Kolo 8:00 telefon od P.Joli ze Konie pobiegly sobie na spacer w las ... No to Dawid I Beata po nie pojechali na szczescie wiekszych problemow nie bylo i udalo sie je zagonic na pastwisko... nastepnie zgonili jeszcze krowki i gotowe...
[ FRAGMENT USUNIETY Z PRZYCZYN NIEZALEZNYCH ]
No to ekipie z piastowa zostalo tylko rajdem, bezpiecznie wrocic do siebie....
I w ten sposób został już tylko tydzień do HUBERTUSA :) Po raz kolejny napisze - zapraszamy! Bo wciąż potwierdza się, że jeśli ktoś raz zawita w naszych progach, przyjeżdża już do nas nie raz! Wcześniej czy później - ale zawsze są :)
Przygotowanie do Hubertusa
15.10.06
No wiec zaczelo sie calkiem niewinnie gdyz zwyklym sms-em iz rozpoczynamy treningi koni do Gonitwy Wloscianskiej Hubertusa 2006 (na ktorego serdecznie zapraszamy ;)
Zlozylo sie akurat szczesliwie gdyz odwiedzili nas Zosia i Marek ...a wiec Zosia, Beata, Slomeck i ja...ruszylismy..... Zosia na Just Jubilee ;) (bylo ciekawie ale o tym zaraz ;) ) Slomeck na Kolorado a Beata i ja na dwoch nowych kobylkach ktorych imiona sa na tyle dziwne ze nie potrafie ich w tym momencie przytoczyc ;P Jesli bedzie to czytala P.Jola prosze aby w komentarzach je zapisala :D:D:D ...

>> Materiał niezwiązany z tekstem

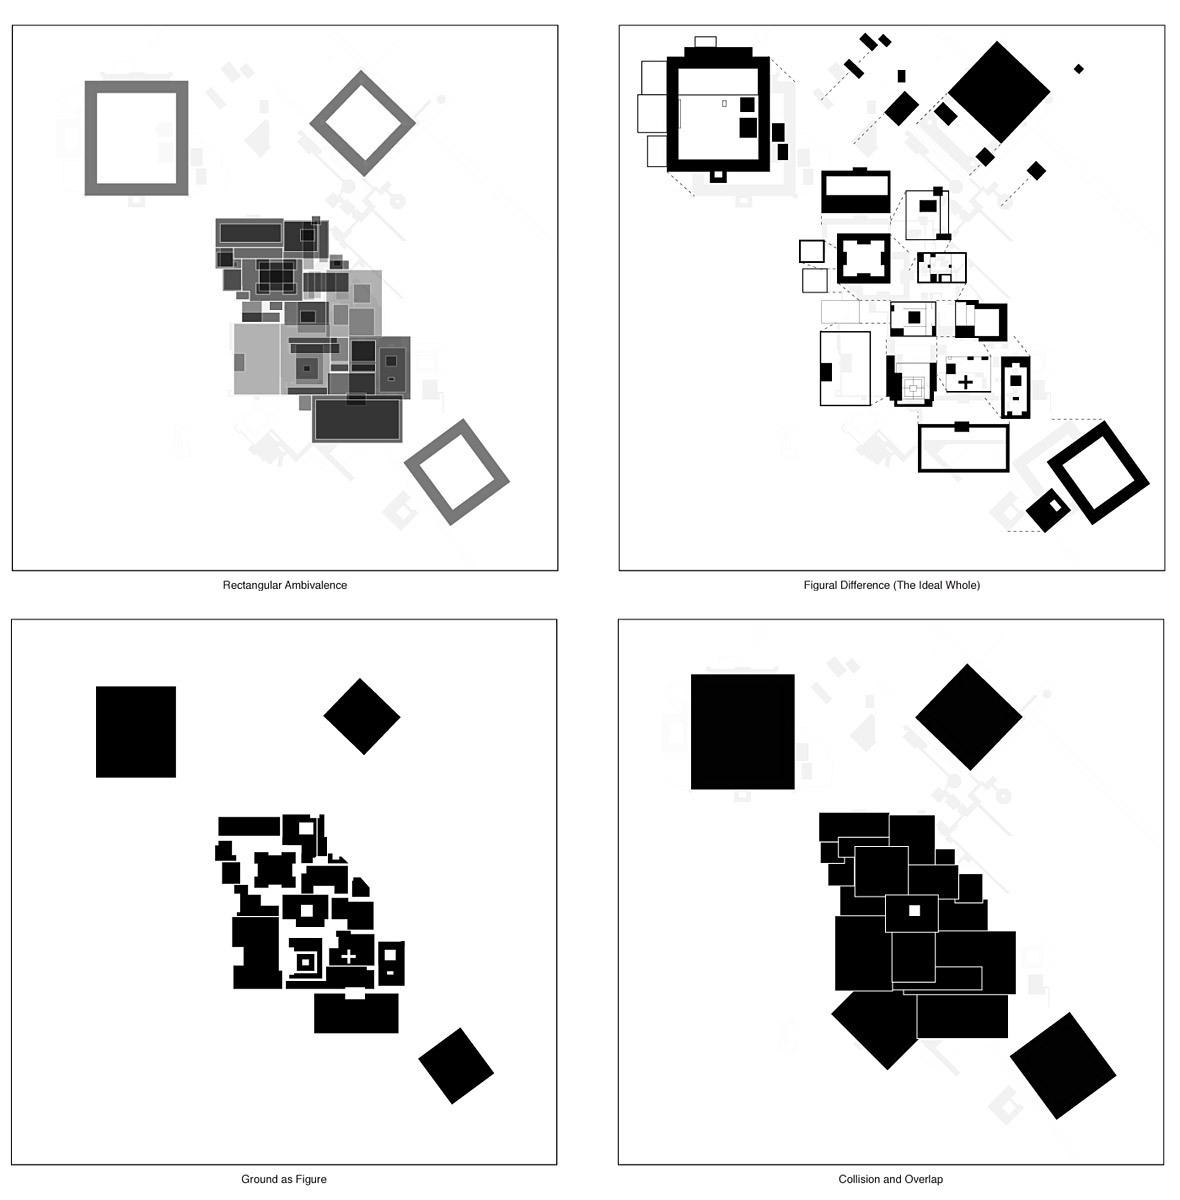 Rowe 2: Precedent Analysis Diagrams 3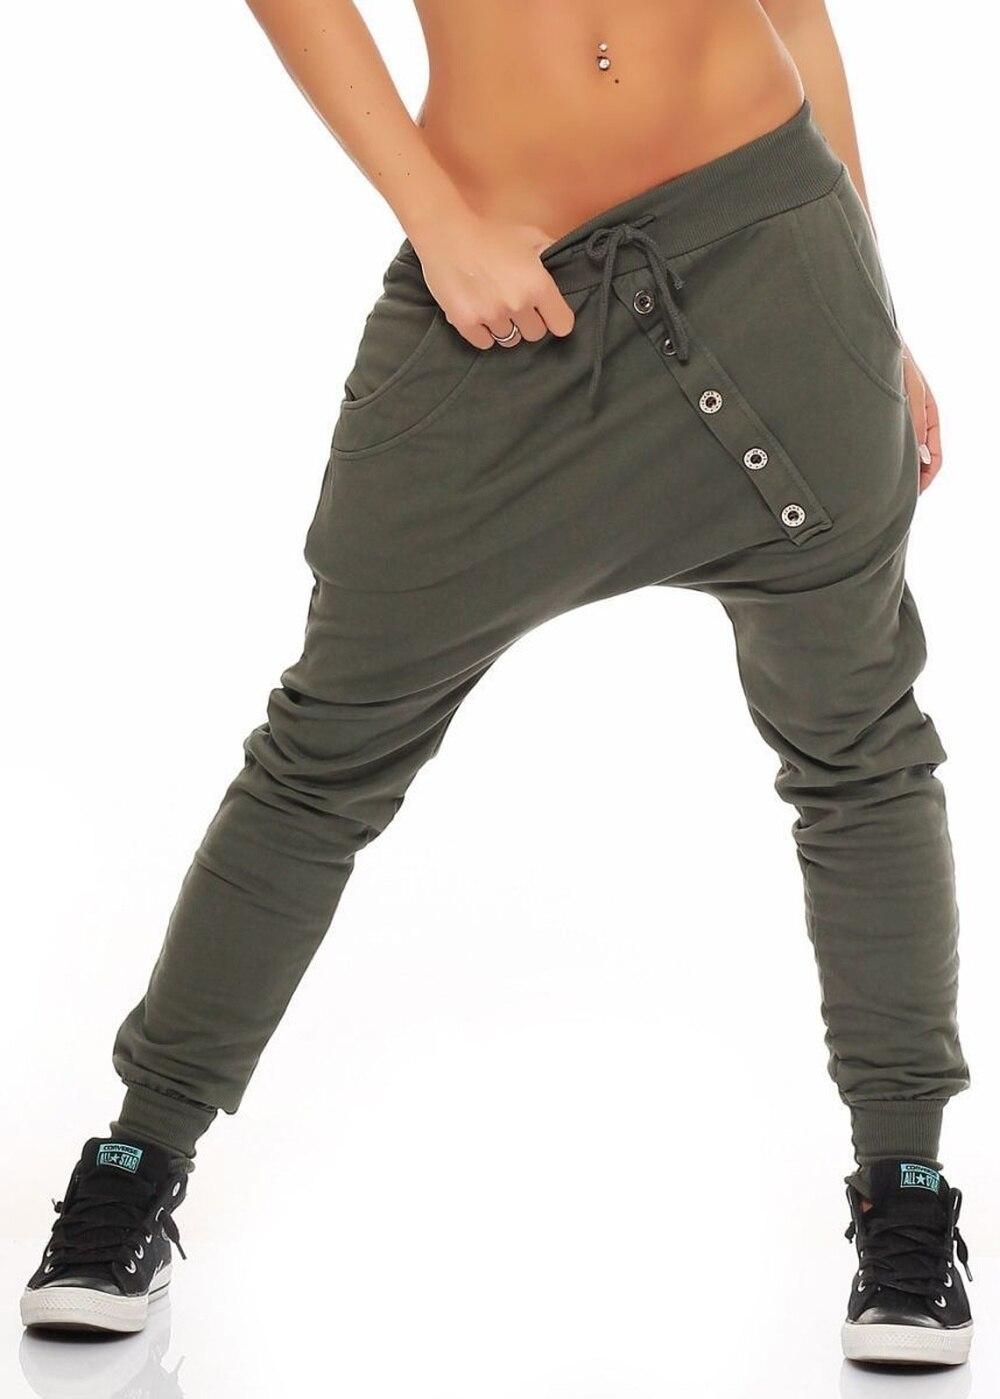 ZOGAA Plus Size S-4XL Womens Sport Pants New Fashion Full Length Harem Pants Loose Sweatpants Streetwear Women Joggers

W wyscigu Kolorado nam wiele zaprezentowal i zdaje sie ze bedzie to jeden z faworytow ....ale bywa roznie... poczekamy zobaczymy :D:D:D
Powrot tez byl w miare spokojny....ALE... :D
Druga jazda ktorej celem bylo rozruszanie koni byla bardziej ciekawa... Zosia na Gogersie :D:D:D Beata na Salucie i ja na Patynie ....
Czulem sie dziwnie majac przed i za soba ogiera...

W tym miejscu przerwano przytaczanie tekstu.